#### Assignment
A verbatim repeat of the lines below is required, with the pictures removed.

#### Provided data
------------------------------------------------------------------------

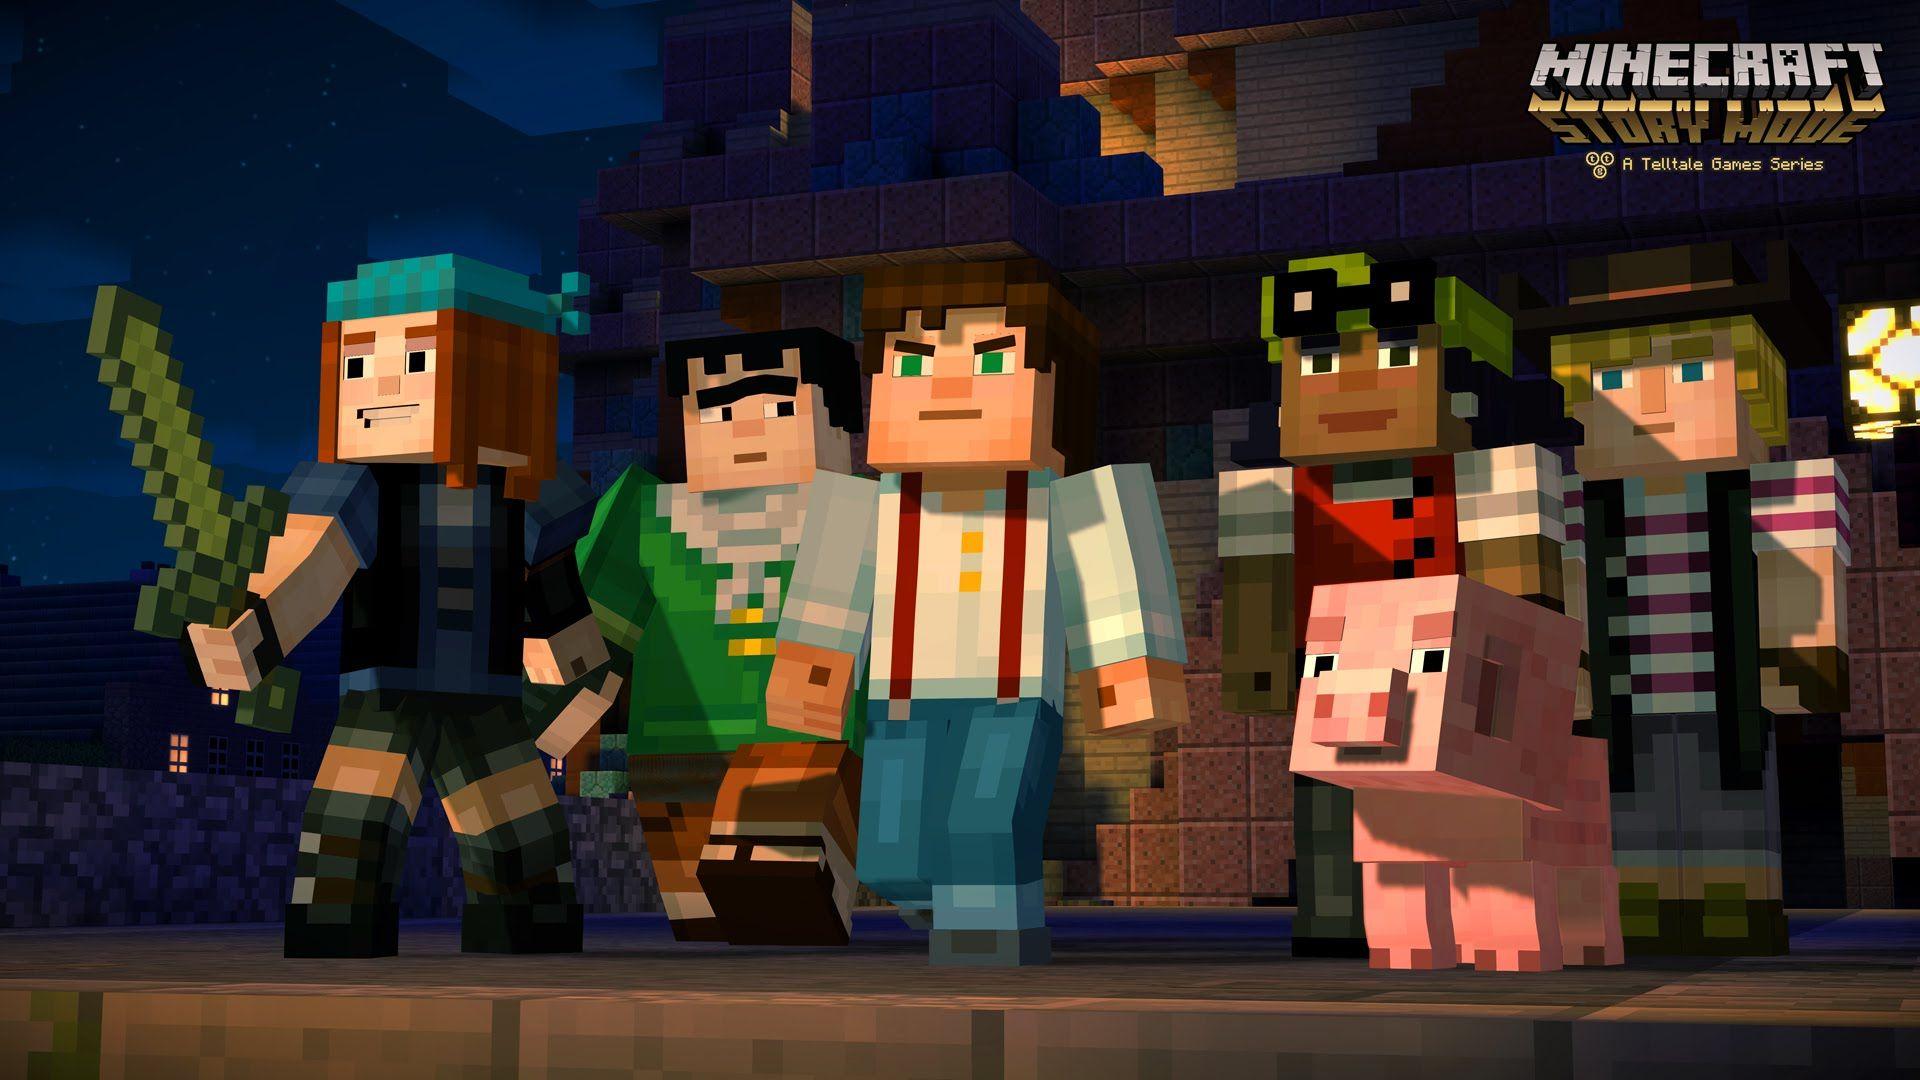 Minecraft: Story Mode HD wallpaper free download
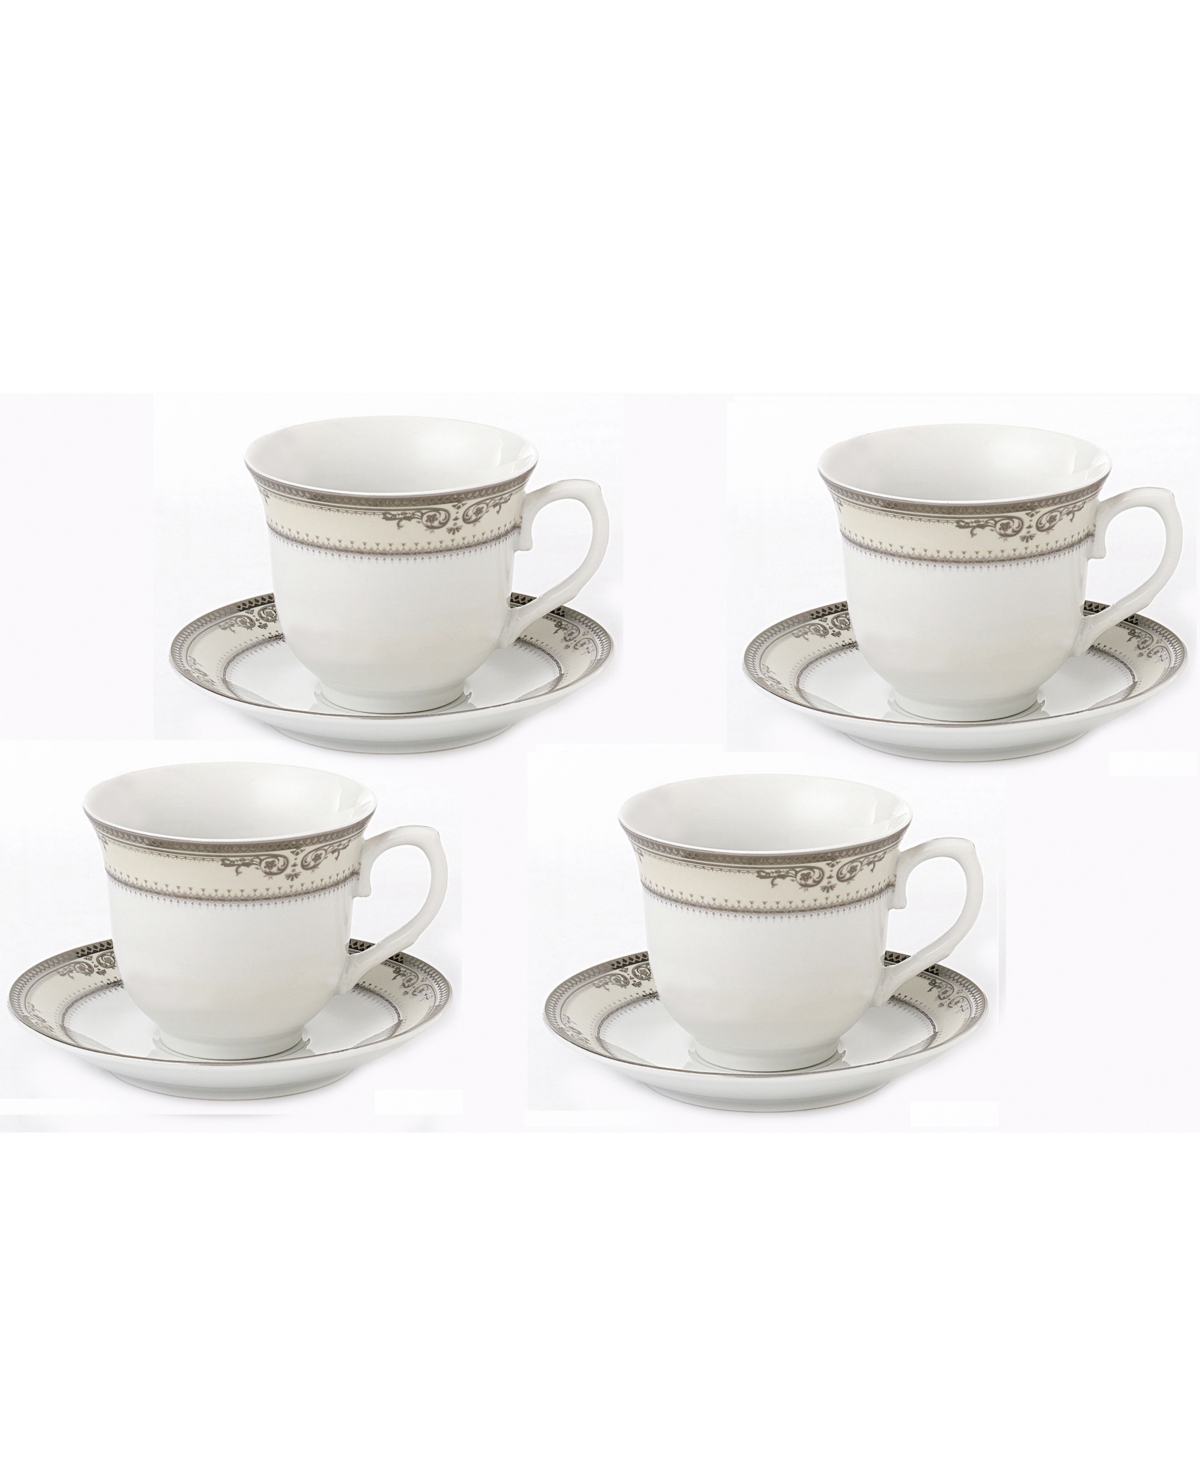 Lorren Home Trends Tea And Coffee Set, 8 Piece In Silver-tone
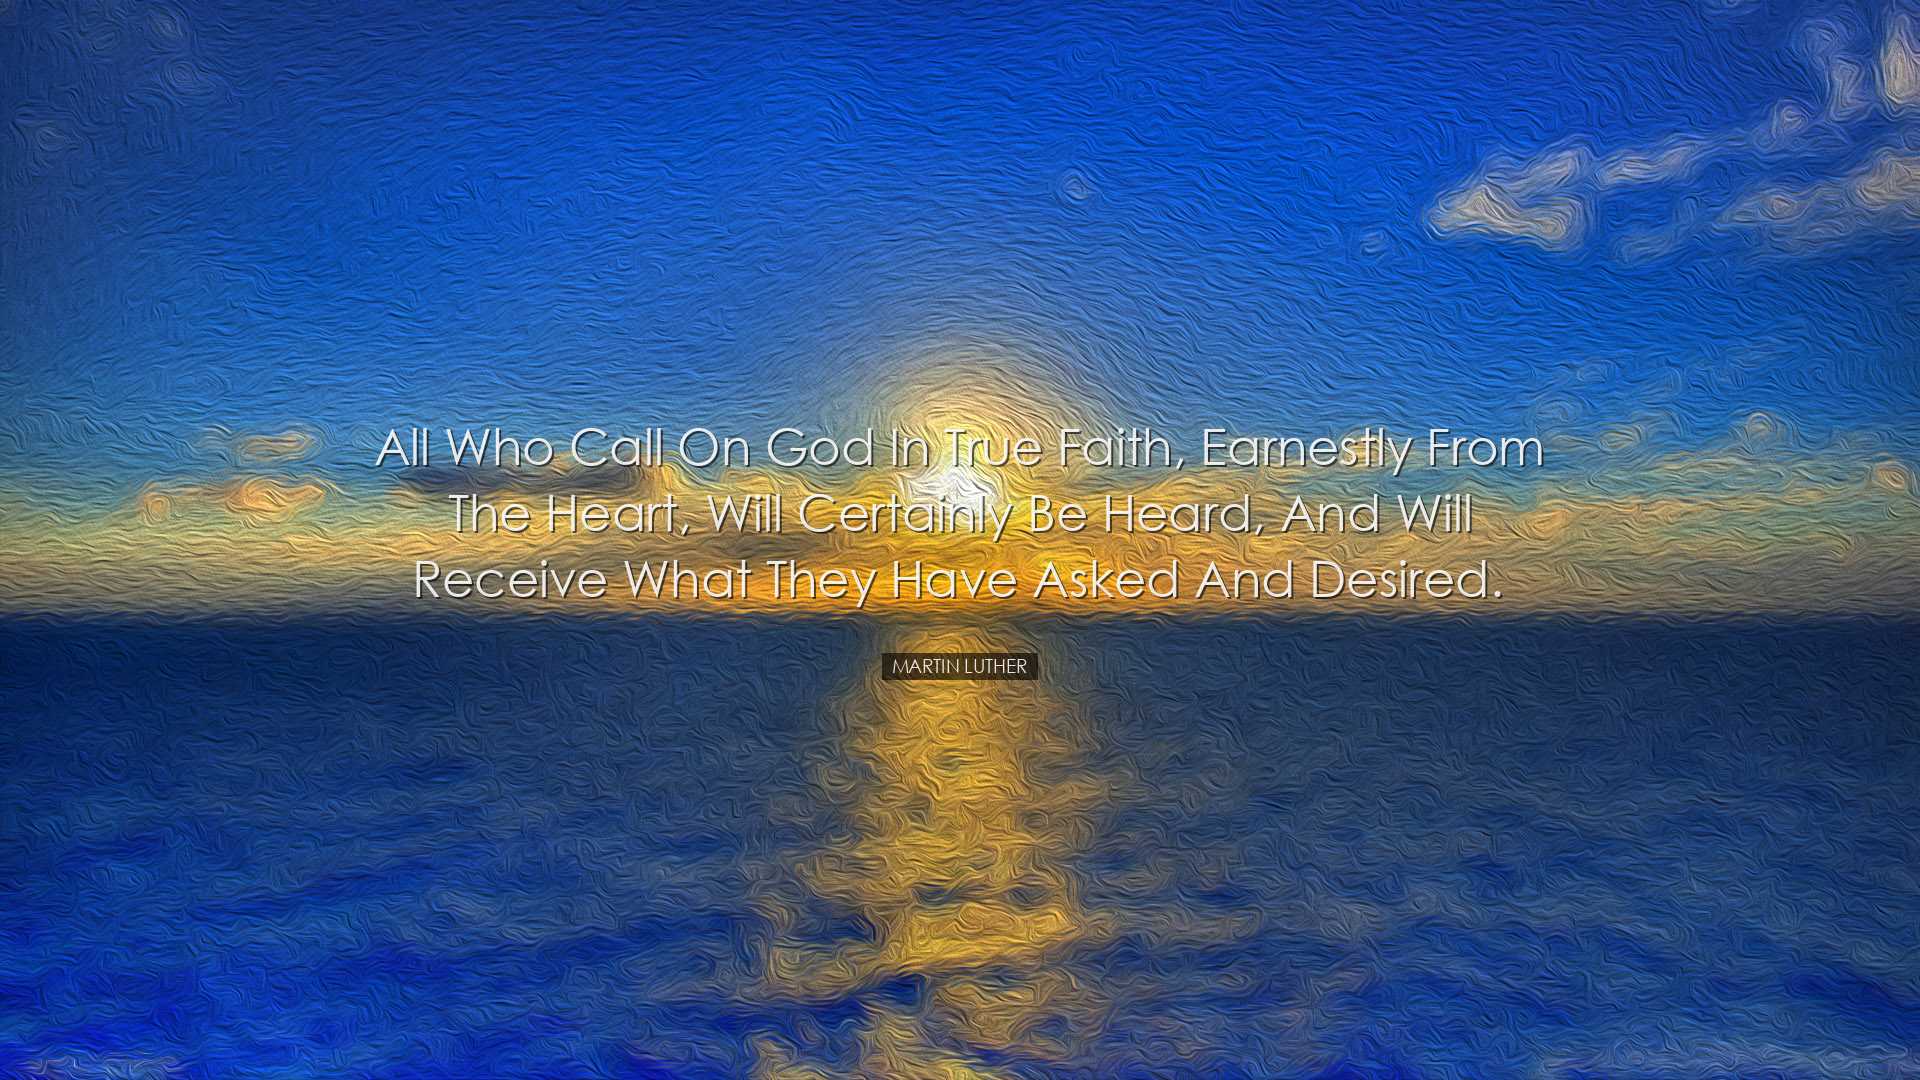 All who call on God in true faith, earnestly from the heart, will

------------------------------------------------------------------------

#### Answer
 Minecraft: Story Mode HD wallpaper free download
 Lorren Home Trends Tea And Coffee Set, 8 Piece In Silver-tone
 All who call on God in true faith, earnestly from the heart, will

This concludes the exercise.